COMMENT: Informal employment threatens Romanian development

By bne IntelliNews July 9, 2008

Denis Drechsler and Theodora Xenogiani of the OECD -

Many jobs in Romania – as many as half the total – are not subject to labour legislation. Employees often lack access to social protection or employment benefits, and untaxed envelope payments are frequently the rule.

Informality on this scale is a serious problem. It means less tax income for the state and therefore less room to provide infrastructure and public services. The insufficient reach of safety nets to the informal sector renders people vulnerable to economic shock and poverty.

Why informality

Informal employment in Romania cannot be understood without recognising its diverse nature. It is present in many sectors, such as construction, services and agriculture, and takes various shapes and forms, including non-registered firms, false self-employment and under-declaration of earnings. While some deliberately opt out of the formal system others have no choice but to use informal employment as a livelihood strategy.

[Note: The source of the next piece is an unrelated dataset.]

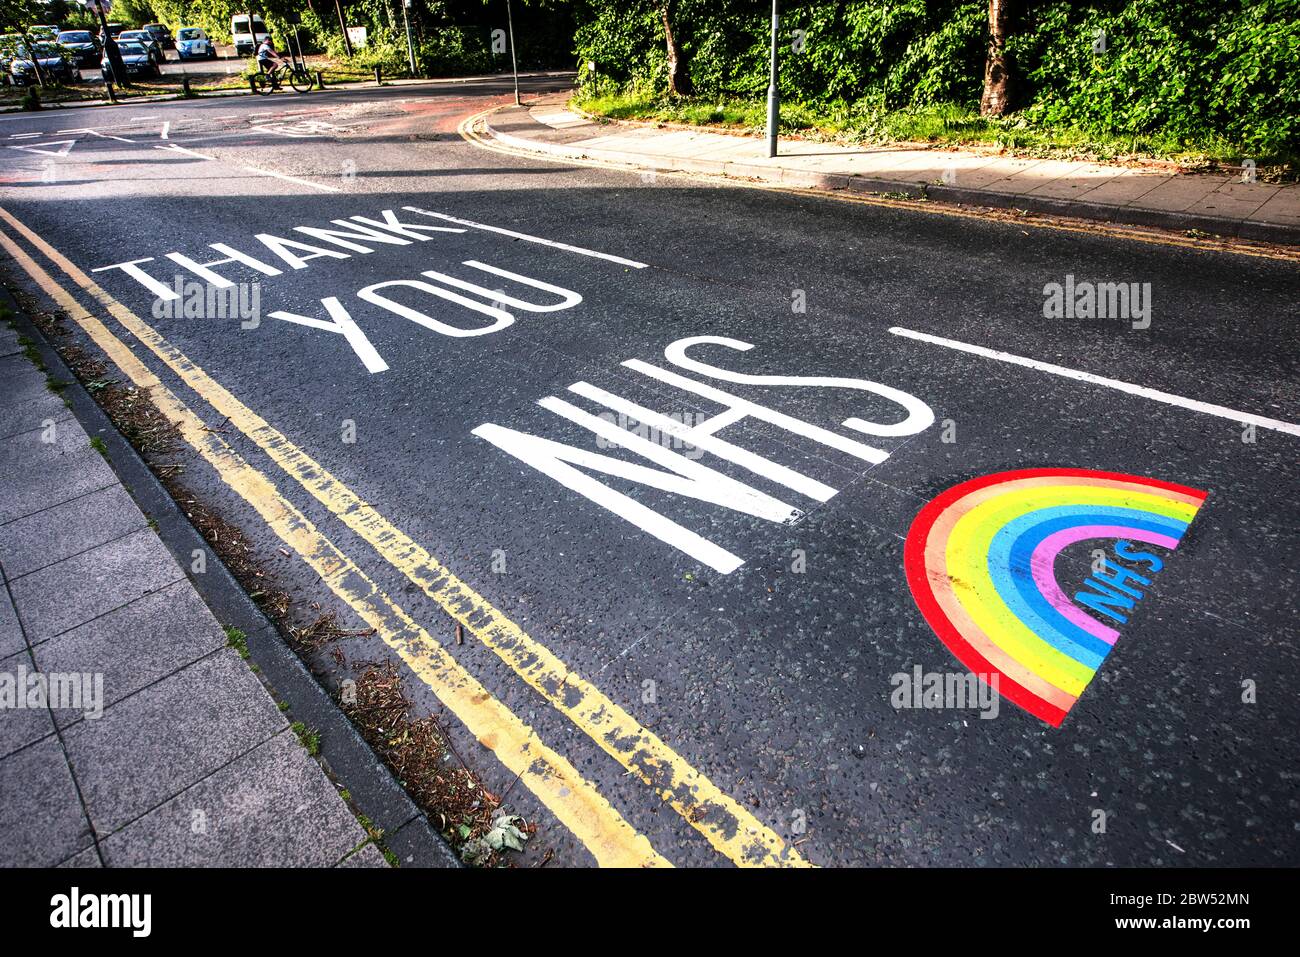 Neu bemalte Straßenmarkierungen Vielen Dank NHS und ein Regenbogen wurden vor einem medizinischen Zentrum in Manchester gemalt, um allen Mitarbeitern des NHS zu danken. Stockfoto

Employers who opt out of the formal system blame high tax and contribution rates, and they get away with it because of insufficient mechanisms to penalise tax evasion. Workers fail to see the link between social security contributions and benefits, and in any case deplore the low quality of public services. Hence they prefer informal employment. Corruption in Romania's public sector is a further disincentive to joining the formal sector (see graphic).


What explains informal employment

Young people, older workers and low-skilled individuals may have no choice but to take informal employment. They simply do not have the necessary requirements to enter the formal sector. Their only alternative is poverty.

Wanted: policies that work!

Attempts to reduce informality have had varying degrees of success. The introduction of a flat tax rate in 2005 could lower informal employment. The reduction of social contribution rates in 2003 also seems to have been a positive move.

Other policies, such as raising minimum wages, seem to have limited the opportunities for formal employment, especially for the most disadvantages groups. Recent social assistance programmes, intended specifically to help people in the informal sector, may have instead given them stronger incentives to remain in informal work.

Reforms in Romania and elsewhere need to reinforce the advantages of the formal sector. At the same time, many reforms fail to adequately address those who have no choice but to work informally. Such people need a different approach from those who voluntarily opt out of the formal sector. A better understanding of the complexity of informal employment and a more nuanced approach to address the specific needs of informal workers are urgently needed.

Active labour market policies, such as training and skill-development programmes, need to re-open the doors to formality. Social assistance programmes can tide over people whose options for entering the labour market are limited. Finding the right balance between guaranteeing social security and providing incentives to join the formal labour market, however, should not be neglected.

Where people have chosen to leave the formal sector, they need to be given incentives to rejoin it. Tax rates and social contribution levels should be linked not only to wages but to benefits, while administrative procedures such as business and workers' registrations should be simplified. Romania also needs to strengthen enforcement.

Policies can go a long way, but they are no substitute for trust. Informality in Romania is above all an expression of the lack of trust in public institutions, the negative perception of the role of the state and the limited understanding of the benefits derived from social security.

Long-term sustainable change requires a transformation of people's attitudes and beliefs. More innovative policies, such as information campaigns on the benefits of formal work and the risks of informality can gradually change people's opinions. While these things won't happen overnight, Romania needs to pave the ground with the right policies and regulations now.